Again, what is infuriating about The Arches licensing decision – and what would be an absolute disaster if it resulted in the entire venue’s closure – is that the venue proposes two obvious answers to the question that is: how do you deal with the appetite for ecstasy in the human condition? One is through public health; and one is through access to the artistic canon.

On the first answer, it’s hard to see how much more compliant with police and public health requirements the venue could have been over the last few months. In fact, The Arches’ absolute adherence to reporting to the police every incident of drugs possession, or drugs-and-drink related unruly behaviour has resulted in that record being used against it by the licensing board.

Do the Glasgow polis think that they, and they alone, can snuff out a primordial impulse to mix intoxicants, music and dancing, by shutting the well-organised venues in which it happens? Are they happy for those thrill-seekers to go off-grid and underground, into places that don’t have medical rooms, free fresh water, attentive bouncers?
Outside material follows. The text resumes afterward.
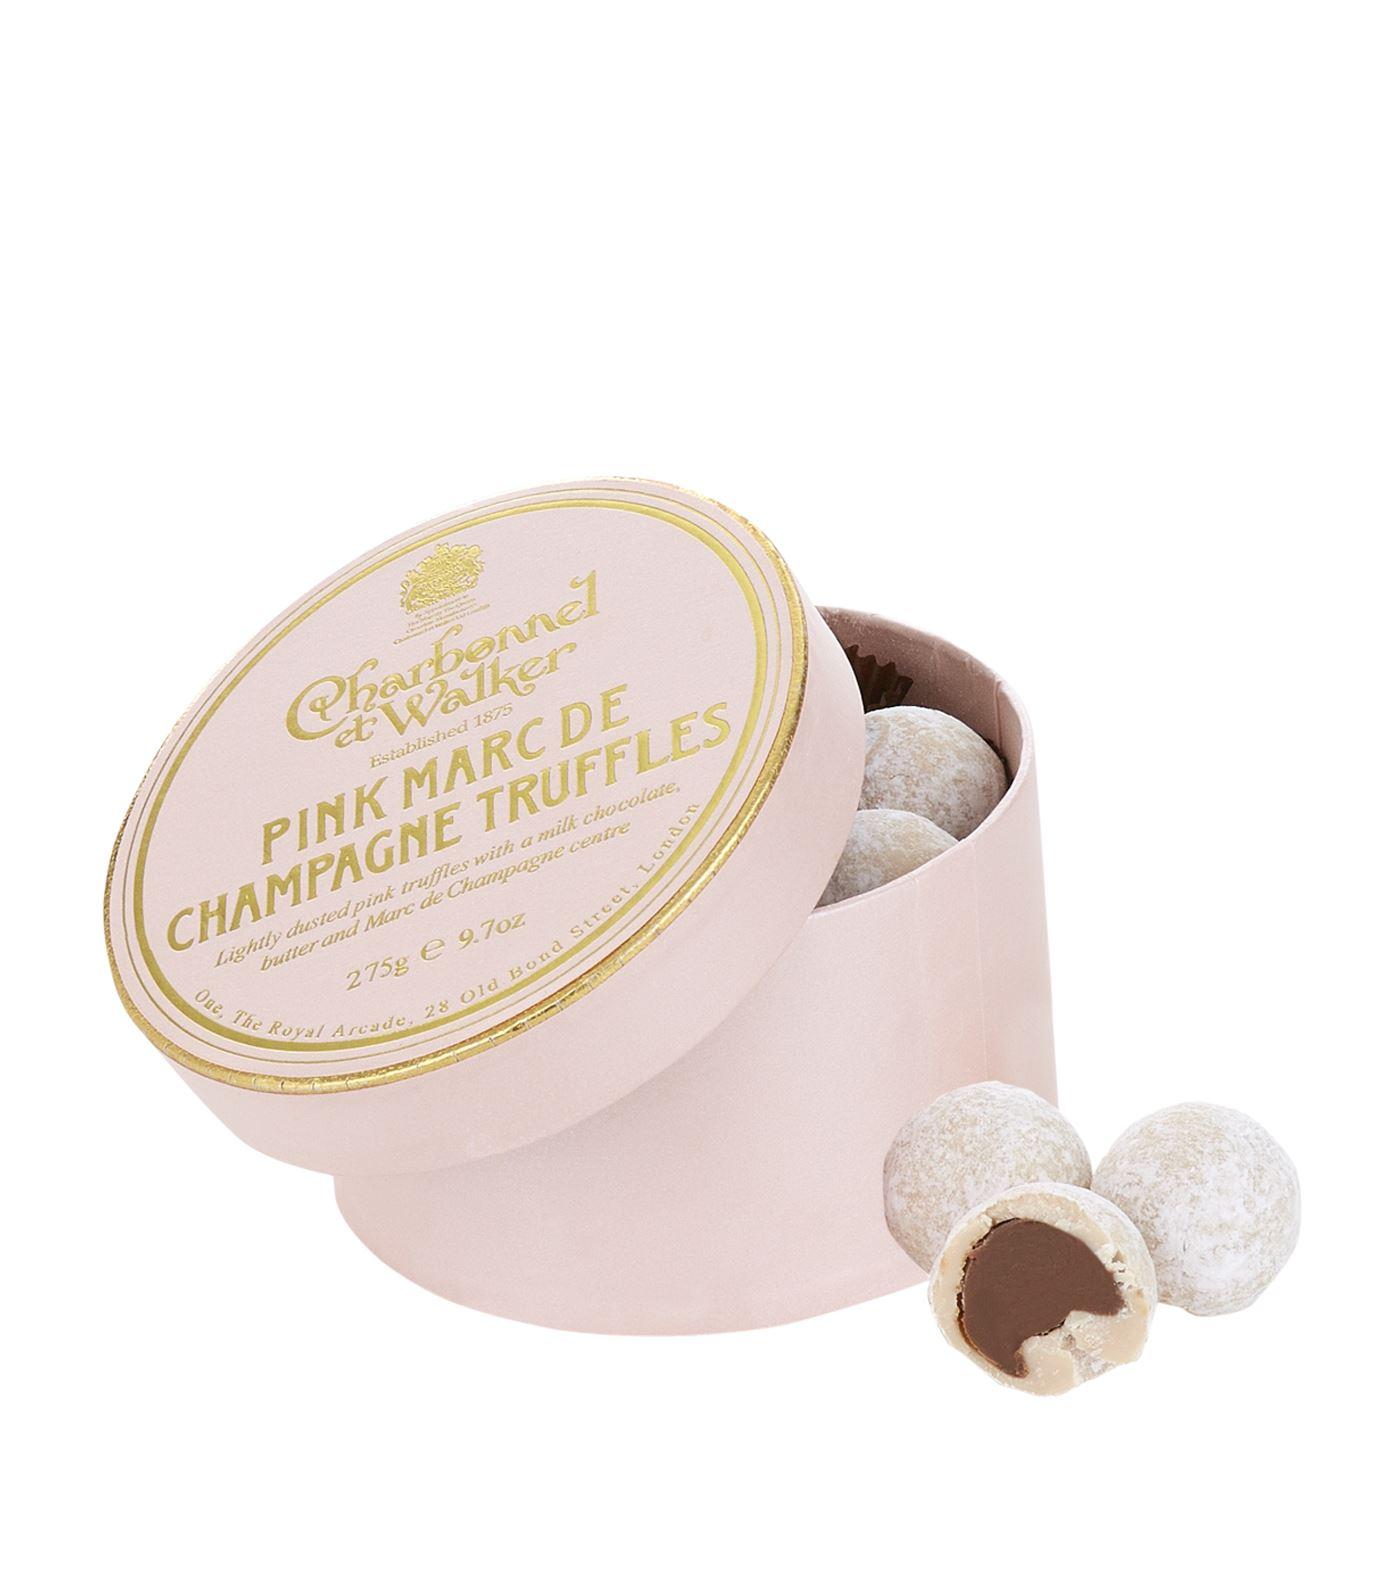 pink-marc-de-champagne-truffles-275g_000000000001291990.jpg

Dance culture advocates have helpfully, if not too diplomatically, made their own suggestions. Why not have in the clubs, or make available at home, drug-testing kits that could alert users to whether their nights’ pills are dangerous or not? The horror story of 17-year-old Regane MacColl dying after taking a “Mortal Kombat” pill at The Arches is what began this process, after all.

The bigger argument about drugs decriminalisation kicks in here – but we seem very far away from a proper public discussion about that in Scotland. We might have got some direct confession of youthful joint-smoking from the Scottish political leaders in the last General Election campaign – with Mr Murphy, competitive as ever, mentioning sniffed glue.

However, that seems a narrow beachhead from which to launch a dispassionate, science-based assessment of the effect of specific drugs; the need to bring their economy into the light; and a wiser acceptance of our evolved appetite for euphoria. All things in moderation (with no false distinctions between, say, alcohol, caffeine, nicotine and other psychoactive substances) is still the hardest slogan to get on a party conference platform.

But The Arches has a second answer to the question of how we can satisfyingly answer the call for thrills – and that is through art. Much of the outrage at the prospect of the venue’s closure comes from artists – everyone from the national Makar, Liz Lochhead, through major Glasgow bands such as Mogwai, Belle and Sebastian and Franz Ferdinand, to visual artists such as Jim Lambie, not to mention most of the country’s best theatre directors.

They all see a direct and two-way transmission of power and influence between the heaving dancefloors, and the avant-garde artists who often comprise the rest of the venue’s programme. Al Seed, a one-time artist in residence there, captured their mood best in a recent blog.

“The Arches’ clubber is, in fact, a lynchpin that supports a deeply rooted infrastructure of liberal, creative thinking at the venue that is as baffling to them as Techno, and therefore as troubling”, writes Seed. “Could it be the very fact that The Arches embodies clubbing as a valuable component of practical social dynamism that has made it a target?”

We know we can do communitarianism in Scotland: two electoral systems have crumbled in the face of an extremely strong will among Scots that they should have the powers appropriate to their collective ambition. But we also need to be able to do liberal Scotland as well – and not just the easy stuff like gay marriage.

If The Arches falls – and on the basis of a poor official understanding of how to reconcile our hedonistic urges with a stable society – it’s not good news, for all of us.